Another “essential” to me is to own a SmudgeGuard. Hell, they’re so cheap you should buy two or three in different colors – including black for evening wear. They are a more modern version of an artist-glove one might see a painter or sketch artist use (like charcoal artist) back in the day. I’ve bought quite a few cotton gloves over the years and either bought specialty fingerless gloves or just cut three fingers off myself (or even bastardized a brand new package of white tube-socks to make my own). However, the SmudgeGuard gloves are great not because you have to worry about smudging ink on paper but to cut down on the friction or perspiration your hand will surely encounter when sliding across a glass surface. Trust me… grab a SmudgeGuard and you’ll be a happy camper.
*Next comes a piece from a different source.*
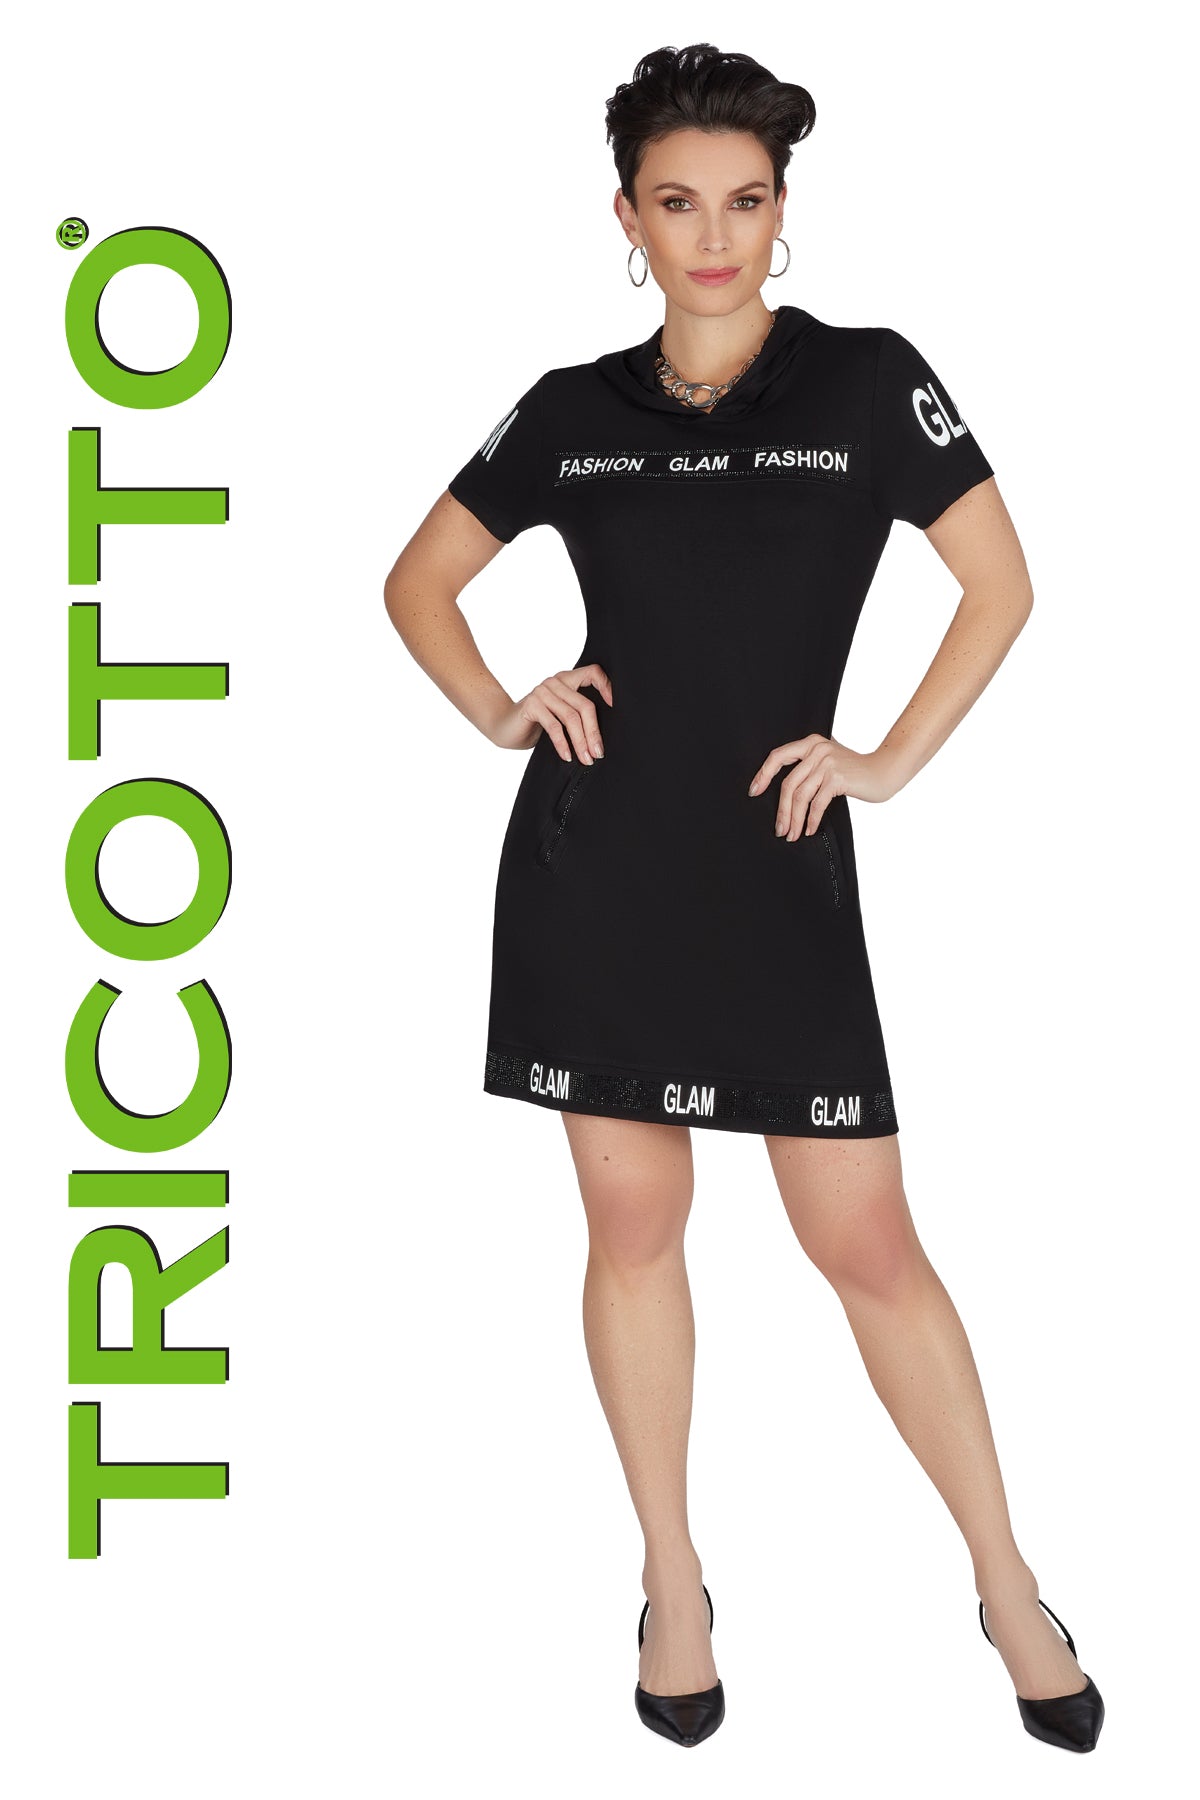 Tricotto Black Dress-Buy Tricotto Black Dresses Online-Tricotto Clothing Quebec-Tricotto Dresses Online Canada-Women's Black Dresses Online Canada

Oh, and I had to swap out my chair. I have a couple of nice office chairs but even the height adjustment wasn’t enough to save me from the fact the Cintiq 21UX sits on a stand itself and that raises the height of it a few inches more off your desk. If this gives you any idea of the height issue I find comfortable – I had to go into my music studio and bogart the bar stool from my keyboard setup and use it instead. Honestly it felt awesome. Granted, I’m 6′2″ and not everyone will have a chair that maxes out like mine – and I’ve always been one to hate sitting with my knees perpendicular to the floor. I always have to have my knees a little lower than my hips so the bar stool routine is a little more “my thing” than typical of anyone else.
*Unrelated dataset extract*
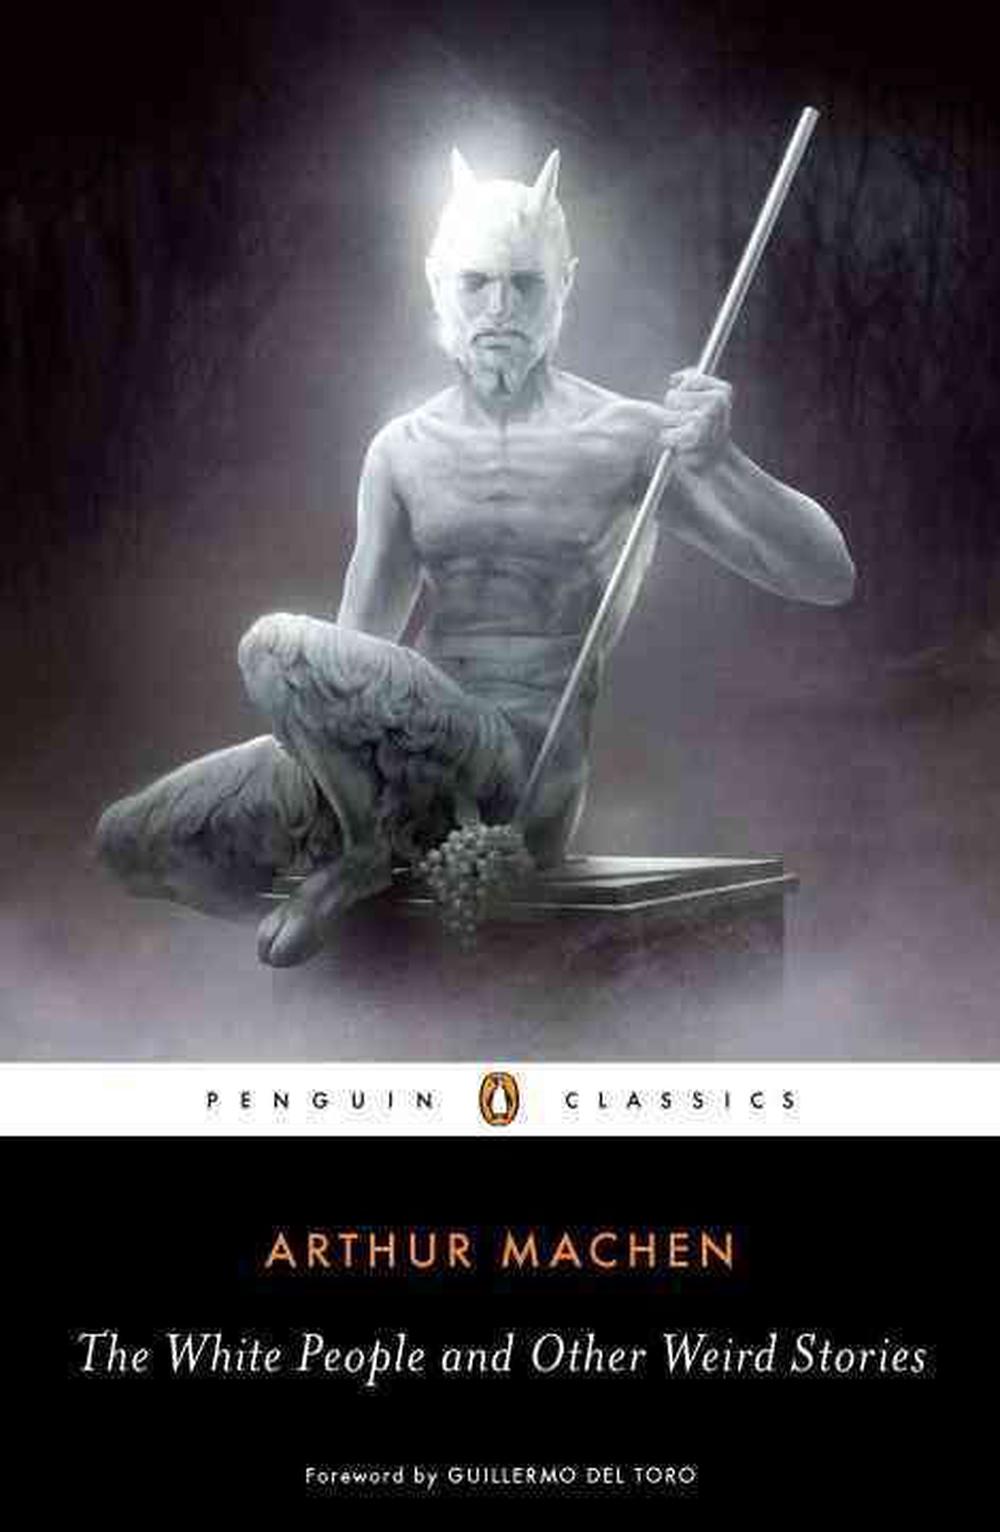 The White People and Other Weird Stories by Arthur Machen

Oh, and last little gripe, is that there’s a teensy bit of space between the outer surface you draw on and where the display itself generates the image, which is probably unavoidable. I think it’s a combination of air-space between the two panels as well as the natural thickness of the glass. You can use the software to offset the drawing “sensation” of your pen hovering a few millimeters in the air as opposed to where Photoshop’s brush displays on screen. That helps a lot – but it’s not 100% like having the point of a pencil touch the surface of paper… there’s a tiny amount of space and it’ll be worth it to run the calibration program to fix it to your hand-eye vantage point.
In the end, I’m extremely happy I test drove this thing. I’ve also re-affirmed that it’s probably the next, most-important investment I’ll be making to my work (thank goodness for tax deductions, eh?). It’s not perfect but then again neither is pen and paper. It is, however, arguably one of the most advanced tools of its kind for artists who work the digital space and prefer to have an interface to the system that mimics traditional, physical interaction. It also is one of those tools that just makes software like Photoshop or Painter take off to an entirely new level. It’s the same improvement I found in moving from a mouse to a tablet to draw only now it’s even moreso in 2008.
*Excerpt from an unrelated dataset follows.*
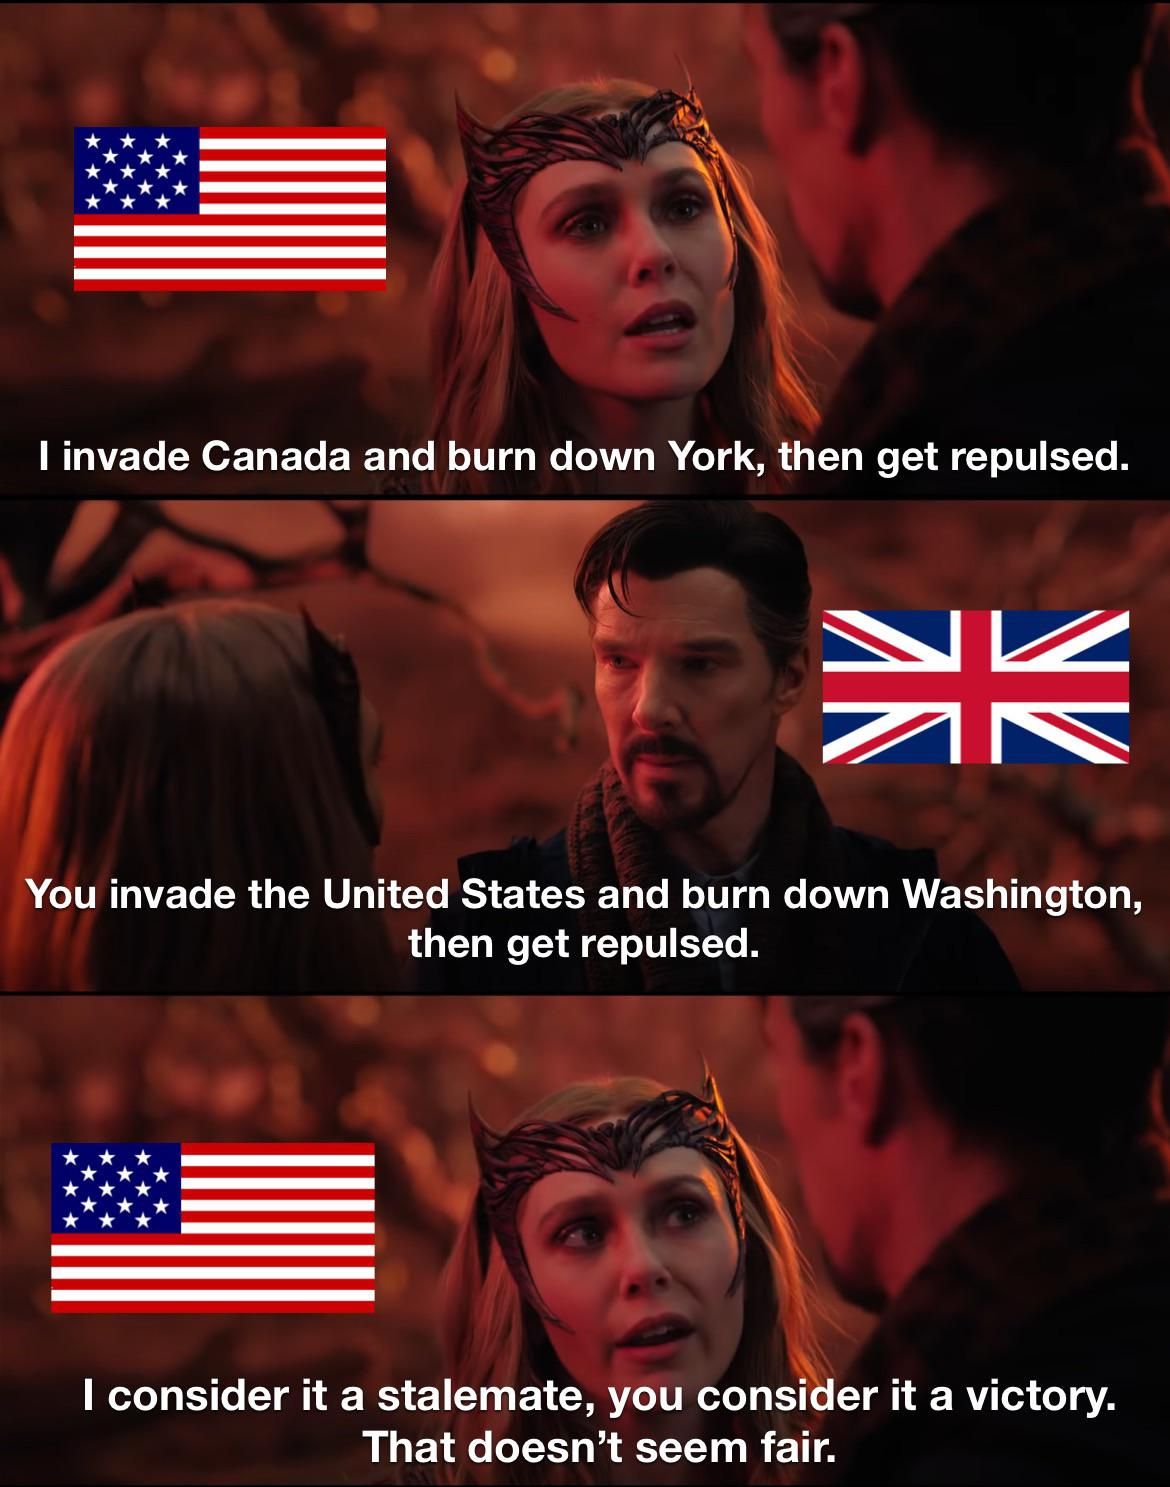 There was nothing clear cut about the War of 1812

The time spent connecting and calibrating are necessary and really not a big deal – and probably not likely to have to be repeated very often. There’s a bit of an acclimation to make but nothing nearly as adventurous as when I moved from mouse to tablet (boy, that took a week of awkwardness, as I recall).
So, I think I’ll just leave some space on my desk because I’m convinced that my next purchase will be the Cintiq 21UX.